EXERCISE REQUIREMENTS: Only the lines from the start of the entries up to and including the line with "TURQUIE - Enveloppe" should be written out, exactly as they stand.

[Entries taken from a collection]
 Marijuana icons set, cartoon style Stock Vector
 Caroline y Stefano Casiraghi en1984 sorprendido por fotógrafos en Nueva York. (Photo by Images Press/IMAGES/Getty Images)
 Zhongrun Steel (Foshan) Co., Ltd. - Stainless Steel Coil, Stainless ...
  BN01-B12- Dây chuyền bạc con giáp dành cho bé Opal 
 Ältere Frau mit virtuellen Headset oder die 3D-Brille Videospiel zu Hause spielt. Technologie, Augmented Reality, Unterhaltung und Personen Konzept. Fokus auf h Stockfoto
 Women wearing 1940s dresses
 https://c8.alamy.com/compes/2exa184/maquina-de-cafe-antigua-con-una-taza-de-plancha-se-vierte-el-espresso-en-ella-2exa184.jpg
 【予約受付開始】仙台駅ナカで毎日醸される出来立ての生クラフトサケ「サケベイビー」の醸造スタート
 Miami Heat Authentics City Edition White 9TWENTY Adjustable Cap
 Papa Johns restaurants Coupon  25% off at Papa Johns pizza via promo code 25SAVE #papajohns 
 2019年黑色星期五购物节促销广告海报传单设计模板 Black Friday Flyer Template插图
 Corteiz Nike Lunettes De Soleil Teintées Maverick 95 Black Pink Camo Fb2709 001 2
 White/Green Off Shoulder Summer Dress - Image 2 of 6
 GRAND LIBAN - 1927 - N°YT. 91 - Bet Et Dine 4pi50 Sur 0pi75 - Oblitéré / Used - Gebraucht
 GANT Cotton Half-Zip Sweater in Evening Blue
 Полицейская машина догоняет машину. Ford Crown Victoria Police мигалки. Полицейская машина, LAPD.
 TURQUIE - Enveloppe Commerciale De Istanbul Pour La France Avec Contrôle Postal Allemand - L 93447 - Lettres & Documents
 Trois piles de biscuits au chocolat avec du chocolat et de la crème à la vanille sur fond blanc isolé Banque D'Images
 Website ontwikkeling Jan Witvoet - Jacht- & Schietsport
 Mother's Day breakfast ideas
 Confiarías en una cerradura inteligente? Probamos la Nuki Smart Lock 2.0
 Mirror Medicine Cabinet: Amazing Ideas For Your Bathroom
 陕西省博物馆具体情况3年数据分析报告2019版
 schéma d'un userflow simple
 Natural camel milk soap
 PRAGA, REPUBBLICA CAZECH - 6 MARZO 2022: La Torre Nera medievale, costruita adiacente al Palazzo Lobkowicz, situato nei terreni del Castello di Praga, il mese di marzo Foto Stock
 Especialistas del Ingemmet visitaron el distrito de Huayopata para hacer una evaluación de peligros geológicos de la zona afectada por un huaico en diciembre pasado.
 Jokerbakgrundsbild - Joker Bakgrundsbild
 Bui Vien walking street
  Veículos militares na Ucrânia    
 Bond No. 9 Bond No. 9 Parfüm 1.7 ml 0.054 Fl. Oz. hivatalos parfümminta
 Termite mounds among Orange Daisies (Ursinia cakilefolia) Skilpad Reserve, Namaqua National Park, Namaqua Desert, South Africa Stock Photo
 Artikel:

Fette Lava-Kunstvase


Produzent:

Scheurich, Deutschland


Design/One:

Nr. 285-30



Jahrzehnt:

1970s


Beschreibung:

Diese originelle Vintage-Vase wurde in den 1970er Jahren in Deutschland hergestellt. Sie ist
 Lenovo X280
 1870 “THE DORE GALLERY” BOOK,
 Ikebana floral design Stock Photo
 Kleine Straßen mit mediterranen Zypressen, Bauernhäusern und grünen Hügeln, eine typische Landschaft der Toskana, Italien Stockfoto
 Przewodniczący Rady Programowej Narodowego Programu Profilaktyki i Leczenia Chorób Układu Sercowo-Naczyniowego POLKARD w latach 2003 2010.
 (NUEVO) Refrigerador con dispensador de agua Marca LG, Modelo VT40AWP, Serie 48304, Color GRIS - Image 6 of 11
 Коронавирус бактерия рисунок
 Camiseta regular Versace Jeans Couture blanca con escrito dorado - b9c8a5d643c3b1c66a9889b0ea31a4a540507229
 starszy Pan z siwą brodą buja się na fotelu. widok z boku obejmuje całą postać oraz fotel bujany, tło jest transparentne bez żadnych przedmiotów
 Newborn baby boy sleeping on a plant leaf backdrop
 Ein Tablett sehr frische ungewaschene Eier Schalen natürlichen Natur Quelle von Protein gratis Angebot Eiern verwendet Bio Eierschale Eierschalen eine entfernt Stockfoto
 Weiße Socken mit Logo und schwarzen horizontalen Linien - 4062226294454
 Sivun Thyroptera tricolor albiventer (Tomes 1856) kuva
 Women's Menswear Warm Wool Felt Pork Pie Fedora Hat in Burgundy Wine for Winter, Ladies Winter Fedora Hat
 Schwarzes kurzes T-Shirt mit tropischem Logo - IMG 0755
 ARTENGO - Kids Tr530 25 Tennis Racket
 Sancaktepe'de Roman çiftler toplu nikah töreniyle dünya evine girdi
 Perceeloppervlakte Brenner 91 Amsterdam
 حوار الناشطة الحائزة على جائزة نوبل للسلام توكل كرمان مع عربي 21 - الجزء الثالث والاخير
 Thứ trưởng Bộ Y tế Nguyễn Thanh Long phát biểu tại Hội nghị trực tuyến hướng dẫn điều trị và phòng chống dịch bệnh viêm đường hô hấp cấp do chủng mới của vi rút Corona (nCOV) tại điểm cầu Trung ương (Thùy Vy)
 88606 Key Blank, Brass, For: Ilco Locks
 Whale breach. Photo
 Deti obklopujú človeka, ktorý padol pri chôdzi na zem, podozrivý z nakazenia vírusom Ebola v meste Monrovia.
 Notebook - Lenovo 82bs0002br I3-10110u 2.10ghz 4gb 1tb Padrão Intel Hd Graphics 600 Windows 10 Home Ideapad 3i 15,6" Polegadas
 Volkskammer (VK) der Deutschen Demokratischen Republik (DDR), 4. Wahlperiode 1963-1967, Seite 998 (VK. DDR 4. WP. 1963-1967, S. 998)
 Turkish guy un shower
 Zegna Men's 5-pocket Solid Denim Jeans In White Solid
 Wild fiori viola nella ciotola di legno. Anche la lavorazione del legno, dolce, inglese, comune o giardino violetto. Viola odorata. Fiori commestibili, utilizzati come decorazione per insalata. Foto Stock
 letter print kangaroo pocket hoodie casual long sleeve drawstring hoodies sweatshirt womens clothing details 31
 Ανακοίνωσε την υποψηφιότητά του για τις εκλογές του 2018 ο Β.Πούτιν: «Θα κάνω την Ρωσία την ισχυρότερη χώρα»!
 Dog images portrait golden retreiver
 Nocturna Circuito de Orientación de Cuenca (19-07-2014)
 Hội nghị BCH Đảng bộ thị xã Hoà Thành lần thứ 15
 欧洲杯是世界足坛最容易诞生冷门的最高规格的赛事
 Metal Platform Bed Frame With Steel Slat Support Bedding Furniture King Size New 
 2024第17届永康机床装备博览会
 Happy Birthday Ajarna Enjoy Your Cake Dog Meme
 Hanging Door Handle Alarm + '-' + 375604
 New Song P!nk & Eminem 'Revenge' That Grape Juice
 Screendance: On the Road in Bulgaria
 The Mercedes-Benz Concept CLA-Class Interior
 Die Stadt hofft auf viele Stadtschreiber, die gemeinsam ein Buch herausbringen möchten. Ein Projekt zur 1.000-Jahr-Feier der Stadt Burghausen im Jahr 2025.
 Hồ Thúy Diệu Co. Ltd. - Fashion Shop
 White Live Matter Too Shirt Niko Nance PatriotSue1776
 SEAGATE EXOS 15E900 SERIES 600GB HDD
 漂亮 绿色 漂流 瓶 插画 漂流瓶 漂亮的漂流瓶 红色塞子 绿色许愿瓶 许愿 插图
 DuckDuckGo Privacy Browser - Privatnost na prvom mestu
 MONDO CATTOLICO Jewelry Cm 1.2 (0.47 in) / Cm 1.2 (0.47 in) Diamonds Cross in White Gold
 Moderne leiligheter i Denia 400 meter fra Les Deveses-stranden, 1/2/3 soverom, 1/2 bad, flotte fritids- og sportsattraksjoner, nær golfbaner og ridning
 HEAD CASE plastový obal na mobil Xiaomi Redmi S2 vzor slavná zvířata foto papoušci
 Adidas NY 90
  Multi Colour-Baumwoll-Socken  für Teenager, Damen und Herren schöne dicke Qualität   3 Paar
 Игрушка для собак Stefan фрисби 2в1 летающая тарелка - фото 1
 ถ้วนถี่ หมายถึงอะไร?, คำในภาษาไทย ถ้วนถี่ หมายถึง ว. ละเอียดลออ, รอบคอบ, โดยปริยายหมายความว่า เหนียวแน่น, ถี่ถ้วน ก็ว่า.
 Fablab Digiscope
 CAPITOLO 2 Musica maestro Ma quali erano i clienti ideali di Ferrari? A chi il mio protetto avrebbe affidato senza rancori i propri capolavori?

SOLUTION TO THE PROBLEM:
 Marijuana icons set, cartoon style Stock Vector
 Caroline y Stefano Casiraghi en1984 sorprendido por fotógrafos en Nueva York. (Photo by Images Press/IMAGES/Getty Images)
 Zhongrun Steel (Foshan) Co., Ltd. - Stainless Steel Coil, Stainless ...
  BN01-B12- Dây chuyền bạc con giáp dành cho bé Opal 
 Ältere Frau mit virtuellen Headset oder die 3D-Brille Videospiel zu Hause spielt. Technologie, Augmented Reality, Unterhaltung und Personen Konzept. Fokus auf h Stockfoto
 Women wearing 1940s dresses
 https://c8.alamy.com/compes/2exa184/maquina-de-cafe-antigua-con-una-taza-de-plancha-se-vierte-el-espresso-en-ella-2exa184.jpg
 【予約受付開始】仙台駅ナカで毎日醸される出来立ての生クラフトサケ「サケベイビー」の醸造スタート
 Miami Heat Authentics City Edition White 9TWENTY Adjustable Cap
 Papa Johns restaurants Coupon  25% off at Papa Johns pizza via promo code 25SAVE #papajohns 
 2019年黑色星期五购物节促销广告海报传单设计模板 Black Friday Flyer Template插图
 Corteiz Nike Lunettes De Soleil Teintées Maverick 95 Black Pink Camo Fb2709 001 2
 White/Green Off Shoulder Summer Dress - Image 2 of 6
 GRAND LIBAN - 1927 - N°YT. 91 - Bet Et Dine 4pi50 Sur 0pi75 - Oblitéré / Used - Gebraucht
 GANT Cotton Half-Zip Sweater in Evening Blue
 Полицейская машина догоняет машину. Ford Crown Victoria Police мигалки. Полицейская машина, LAPD.
 TURQUIE - Enveloppe Commerciale De Istanbul Pour La France Avec Contrôle Postal Allemand - L 93447 - Lettres & Documents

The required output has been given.